Spring Awakening has about 2 dozen or more VL 1000 AS fixtures on their install -- I never heard a thing the entire show, even from their scrollers, which was impressive.


----------



## TimMiller (Feb 21, 2008)

Trick is during any loud parts (such as aud clapping) get the scrollers to cue up so everyone doesnt hear them. Also if you have some patience and money you can get scrolls custom made so the colors fall in order of what you need so you do not have to go back and forth from one end of the scroll to the other. As far as the noisier moving lights such as X-spot, i try to make them move during the clapping or louder scenes.


----------



## stradivarius (Feb 23, 2008)

I wouldn't really say that the VL1000's are quiet. Sure, they are really quiet until you do something with them, as zoom or pan/tilt or framing shutters.Then they are making quite some noise. At least the 3 of them we had in for a show.


----------



## Jezza (Feb 23, 2008)

Any fixture is going to make noise when it starts to actually DO something. However, in terms of just audible level with lamp on and fans running, the VL seems to be pretty good.


----------



## David Ashton (Feb 23, 2008)

The Martin 250 and575 encore[I think} with studio mode is very quiet, I think it's time to include a sound level at some standard distance into ML specs.This would make a thread like this totally redundant.


----------



## Jezza (Feb 23, 2008)

Agreed -- I think we have all forgot to mention the Q series VL 3000 and VL 3500. Never had a chance to play with them myself, but they are marketed as having pretty good sound suppression. Anyone had any experience with these fixtures?


----------



## stradivarius (Feb 23, 2008)

Yes, we currently use a VL3500Q in one of our productions, and I love it! It's not totally quiet, but much quiter than the mac 2K series. I would use them anytime the budget let me . Maby off topic, but the framing shutters are top notch!


----------



## TimMiller (Feb 23, 2008)

Most if not all of clay pakys products are pretty quiet. Esp when you get the SV's they are even quieter. Usually all you hear is the head moving and the fans. The optical system is very quiet.


----------



## Jezza (Feb 24, 2008)

Strad -- Can the framing shutters in the VL each fully cut the beam? On the Clay Packy site as discussed in a thread on LN, their framing shutters can each independently fully cut off the entire beam, in addition to rotating each shutter and rotating the whole shutter mechanism. There is a demo of this on the Clay Packy home page that is VERY well put together -- some really great programming if nothing else. No pan or tilt was used -- just the shutters.


----------



## stradivarius (Feb 24, 2008)

Jezza said:


> Strad -- Can the framing shutters in the VL each fully cut the beam? On the Clay Packy site as discussed in a thread on LN, their framing shutters can each independently fully cut off the entire beam, in addition to rotating each shutter and rotating the whole shutter mechanism. There is a demo of this on the Clay Packy home page that is VERY well put together -- some really great programming if nothing else. No pan or tilt was used -- just the shutters.
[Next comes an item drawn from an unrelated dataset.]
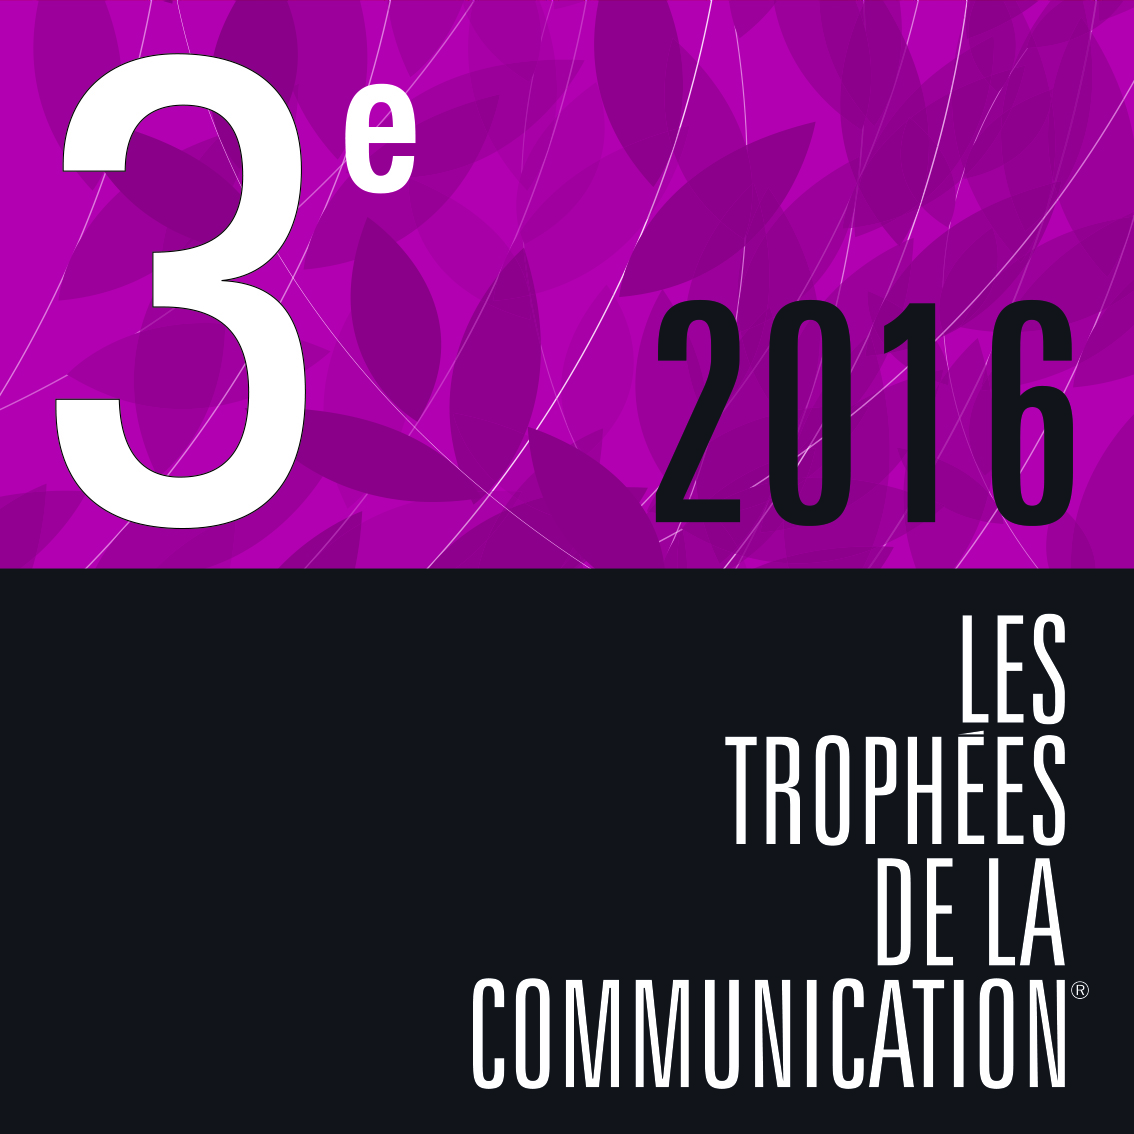 logo-3-2016
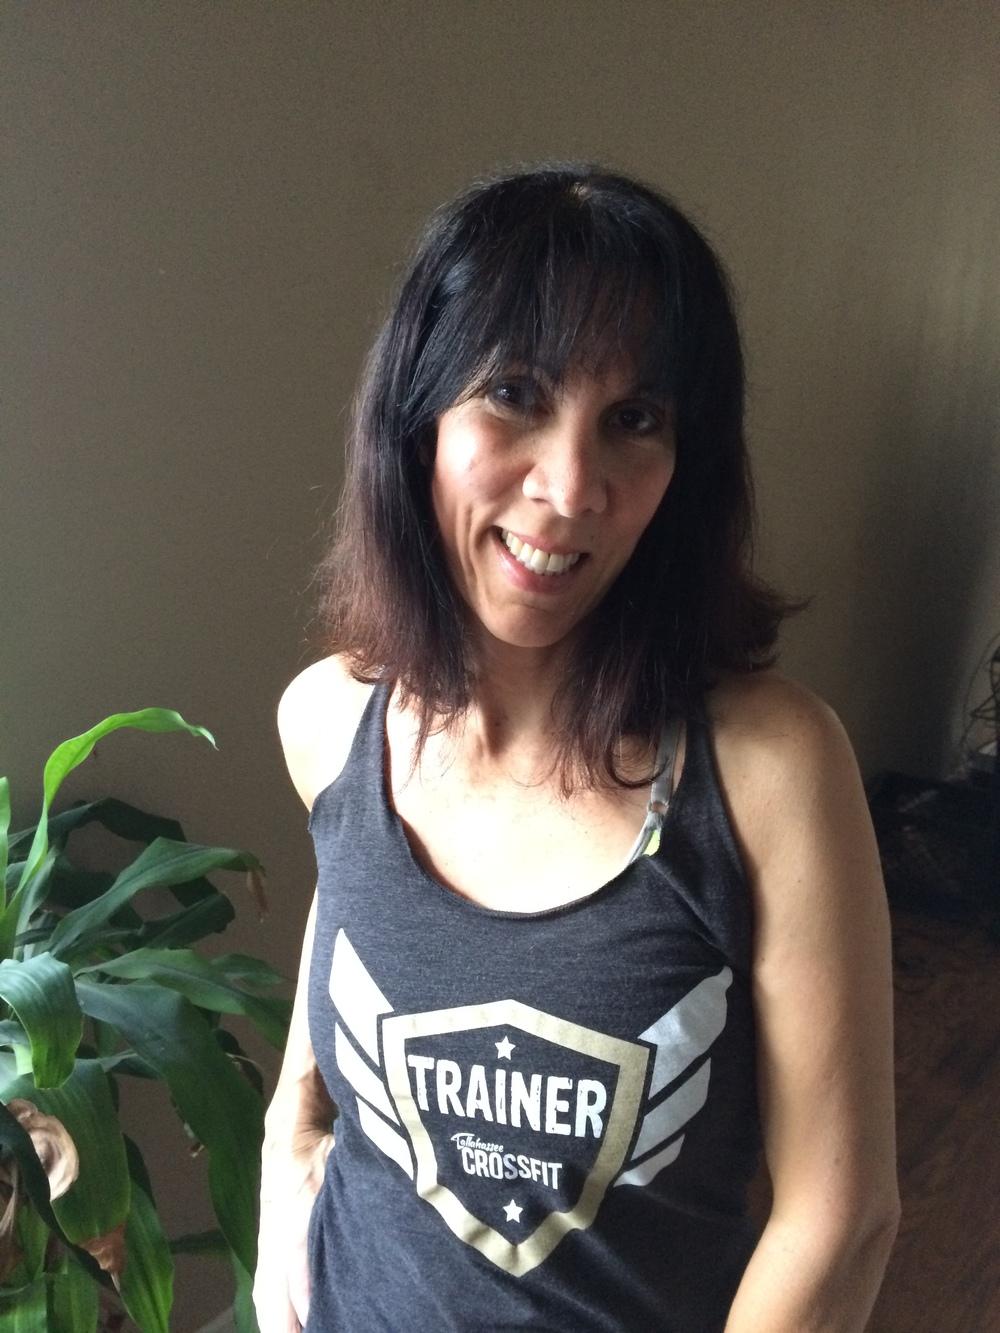 Teresa Keeter - Level 2 Crossfit Trainer & Co-Owner

Well, what I know for sure is that the entire shutter mechanism can be rotated 50 degrees in either direction and the blades can individually be rotated 30 degrees in either direction. However, I can't say if the blades are fully closing. I searched the manual and it says that 0 is open and 255 is closed, so it seems like it's possible.


----------



## TimMiller (Feb 25, 2008)

I know with the new varilites they will not fully cut the beam in either direction and this was one thing i complained about when i saw the prototype. Its been so long since i touched a VL1000, if my memory serves me correctly i really dont think they cut fully all the way in one direction. My bigest complaint about the VL1000's was that they are way too slow. I had issues waiting for them to go from one extreme to another. I heard they have updated the software to make them faster.... But i dont know if this actually holds true or not.


----------



## Grog12 (Feb 25, 2008)

No with a VL1000 you can't cut the beam fully with 1 shutter.


----------



## stradivarius (Feb 25, 2008)

If I get some time over tomorrow I will test the VL3500Q and see how the shutters behave.


----------



## gafftaper (Feb 25, 2008)

Not an expert in this department but it seems to me a mix of Seachangers and VL1000's/ETC Revolutions would be a good way to do this on a budget. You won't get Mac 2k performance but they are pretty quiet and you can get a lot of bang for your buck. Seachanger is coming out with a new model the "SD" which has fuller saturation. The "XG" model is designed to really give you great low saturation pastel colors for typical theater applications while also being able to go out into the deeper colors when you want. The new "SD" is a little weaker in the pastels but stronger out at the deep end of the saturation scale. 
Should be great for music situations. 

If you can't get Seachangers in your area what about Wybron Nexeras or just a bunch of scrollers.


----------



## TimMiller (Feb 25, 2008)

I really like the robe 1200 watt spots (1200 at) they work great and they are quiet considering their lamp output. All of the functions such as moving are quiet. You do not get framing though. Coemar's are also quiet. Even their 2k spot.


----------



## tomed101 (Feb 28, 2008)

I'm not sure whether anyone read this or not (the post was deleted in the crash) I need to rent probably 4-8 Mac TW1's for an upcoming show or something similar, but I haven't heard much about them. It probably doesn't help that you can search for TW1 (character limit) Basically i want something which will blend with the conventional, hence the tungsten source, and have CMY mixing. I will also need a console to drive them (I am thinking a hog 1000) and will need to rent it for about a month. 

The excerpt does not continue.